Originally designed for a thousand male patients, it now has 300 men and women as patients. The public is welcome to tour everything except those three buildings that currently house patients.
Casa Navas, another ornate Domènech i Montaner home, is still owned by the original family. Visitors must have an appointment and guide to tour Casa Navas, and often the guide will be a family member. “All the electrical work, decorative painting, furniture and kitchen, are original,” said Tourism Promotions Manager, Cristina Pedret Llaurado. “This home is a preservation, not a renovation.”
Reus, the capital of the Baix Camp comarca, is a casual and easy city to walk. For a quick snack, grab a pastry-to-go at Forn Sistare; four generations have been baking bread here since 1910, and their speciality is different types of dark breads. La Ferreteria is a unique restaurant that began as a hardware store in 1923. Small compartments, once used for hinges and hammers, are now filled with wine bottles. Eight black-and-white photos line the wall, showing the original store. This restaurant serves a local speciality, menjar blanc de Reus, a thick pudding, which has crushed almonds as its main ingredient.
Café de Reus was once a dressmaking shop, but today it’s a cosy restaurant serving hearty Catalan food, just off the main Plaça Mercadal. Close by, on Galanes Street, is Baro’s. This small, old shop is a perfect place to pick up locally-grown hazelnuts, almonds and a package with which to make the menjar blanc pudding.
Magnificent views of the Costa Daurada and rolling countryside can be seen from the octagonal bell-tower of the Priory Church of Sant Pere, a Gothic church from the 16th century, which is where Gaudí was baptised. This month, gegants will be marching by the church as part of the Festa Major de Sant Pere, held from June 23rd to 29th. They are unusual in that some are Japanese, Native Americans and Africans, made to reflect the international commerce of Reus during the 1700s and 1800s.

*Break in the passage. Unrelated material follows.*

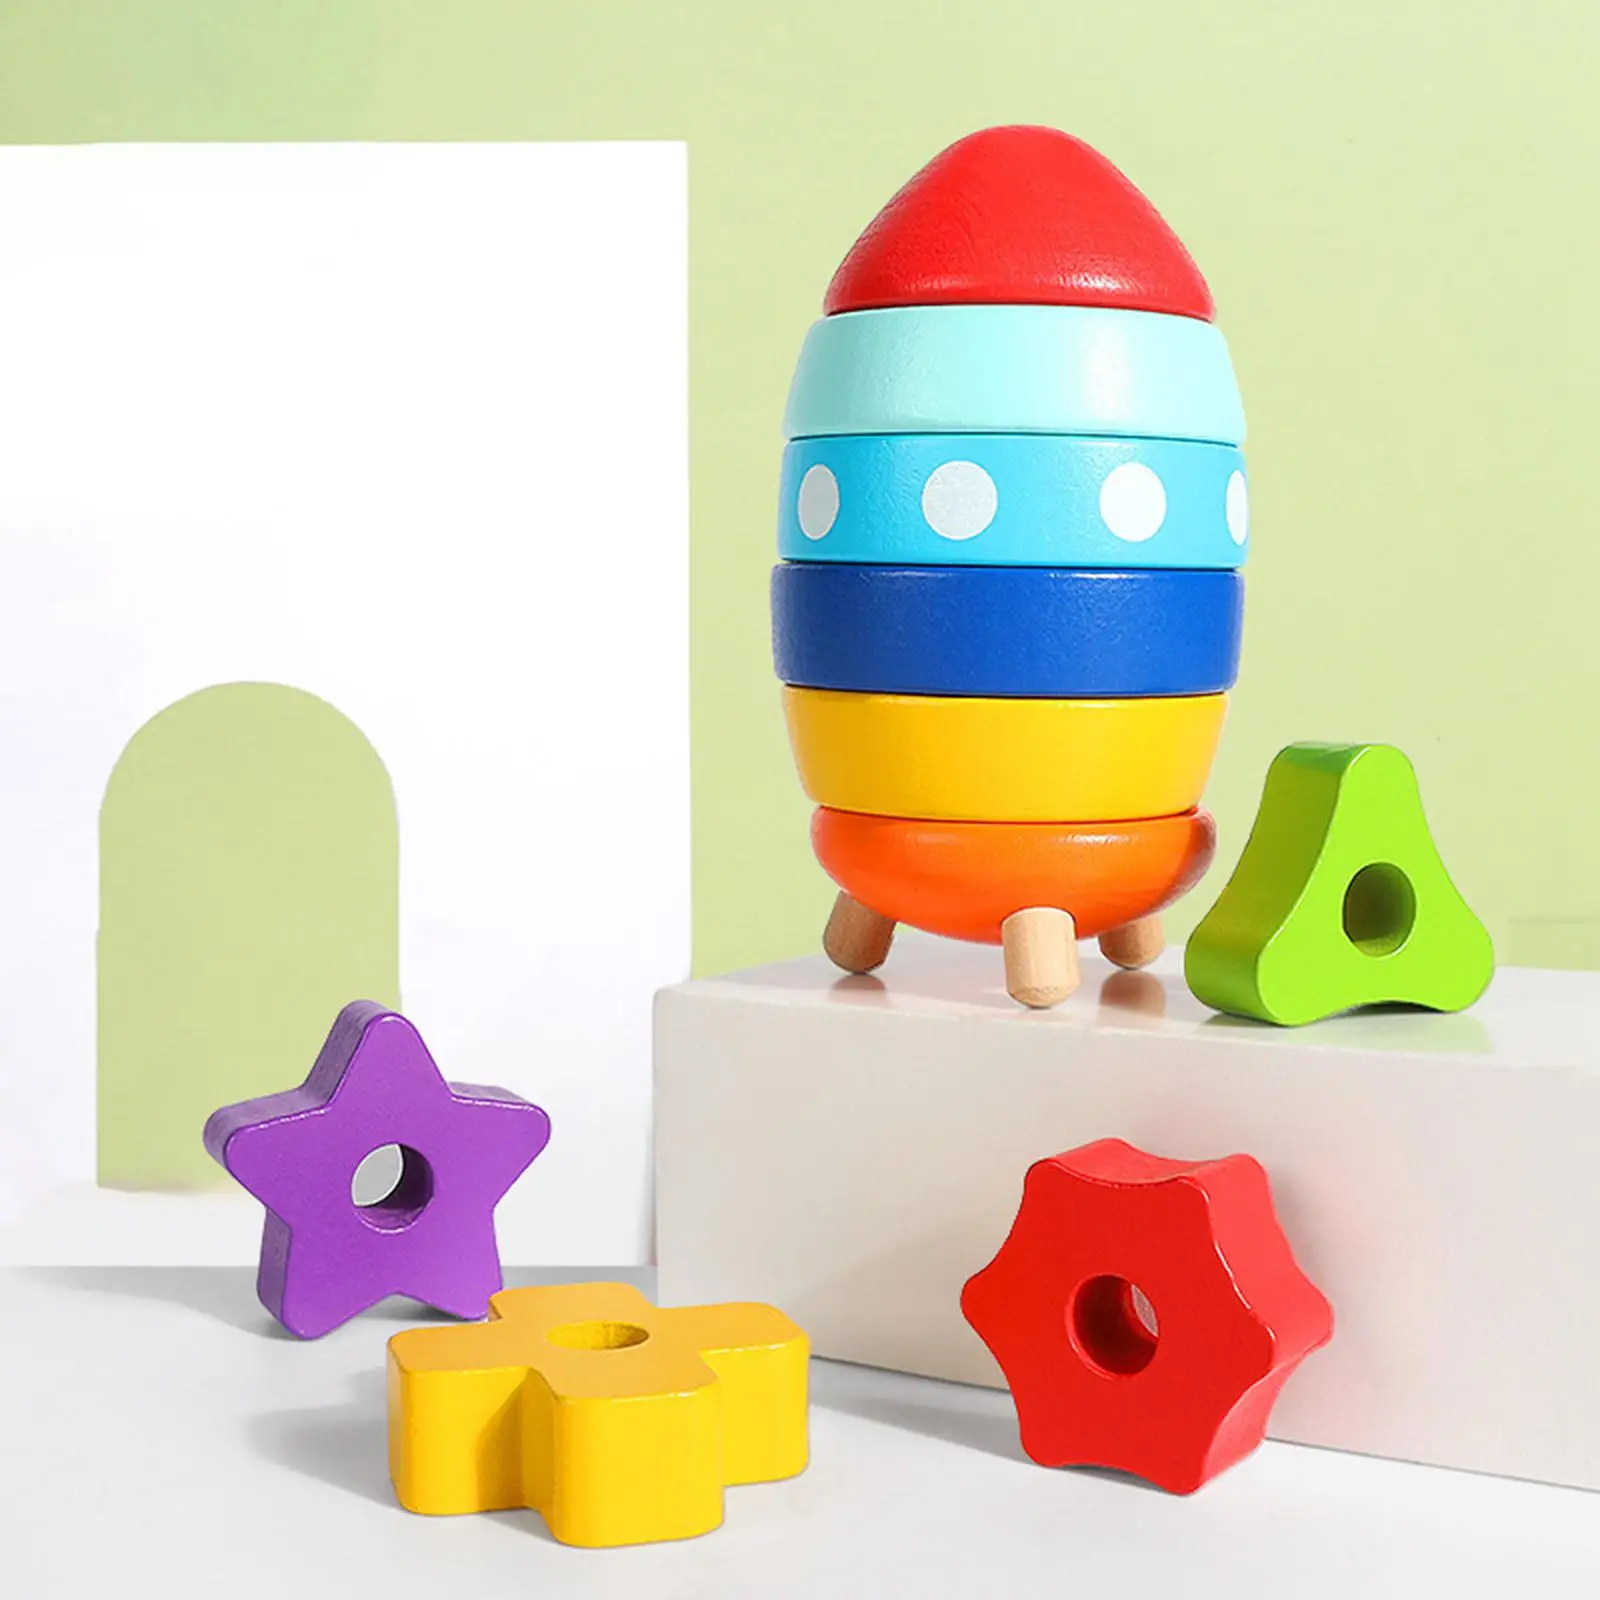 Wooden Colorful Rocket Shaped Stacking Toys Six Plug-in Parts Color Sorting
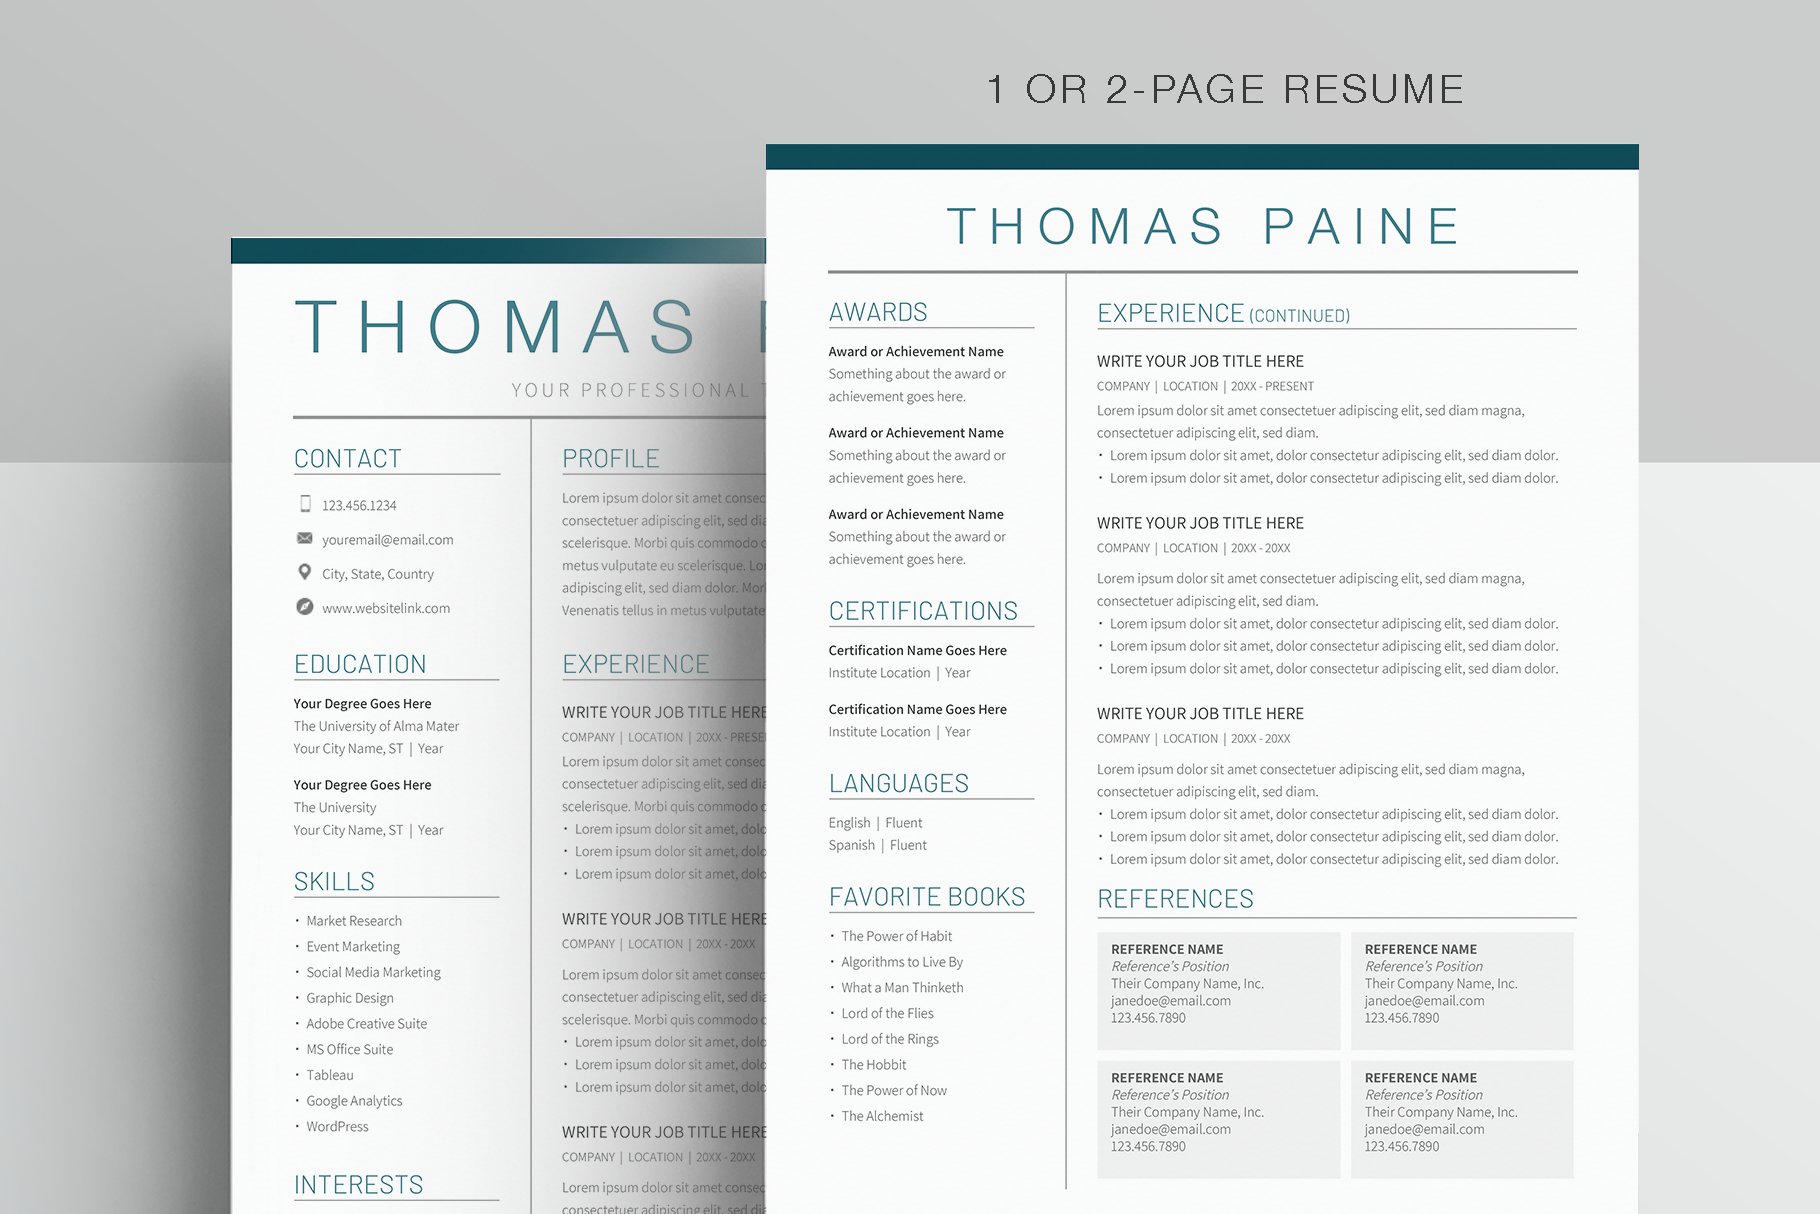 Google Docs Resume Template preview image.

For a closer look at the amazing gegants, they rest during the year at the Salvador Vilaseca Archaeological Museum. This museum is dedicated to traditional elements of Reus like the Olive Oil Room, which displays old olive oil presses. Maria Fortuny, a famous Catalan painter who died aged 36 in 1874, is featured with paintings of sweeping landscapes and war scenes, while another room is dedicated to modern painting and sculpture with changing exhibits of contemporary art.
At various times of the year, Reus widens its cultural offerings: Memory Mash, an unusual film festival featuring black-and-white films, is held in November. These are contemporary films but made to look like movies from the Thirties and Forties, and are in several languages including English with Castilian subtitles. The Blues Festival, held during the second and third weekends of April in cafés around Reus, brings yet another artistic facet to this easygoing city.
What Antoni Gaudí would have thought of all this is impossible to say, but for the contemporary visitor it assures a pleasant and varied time in Reus.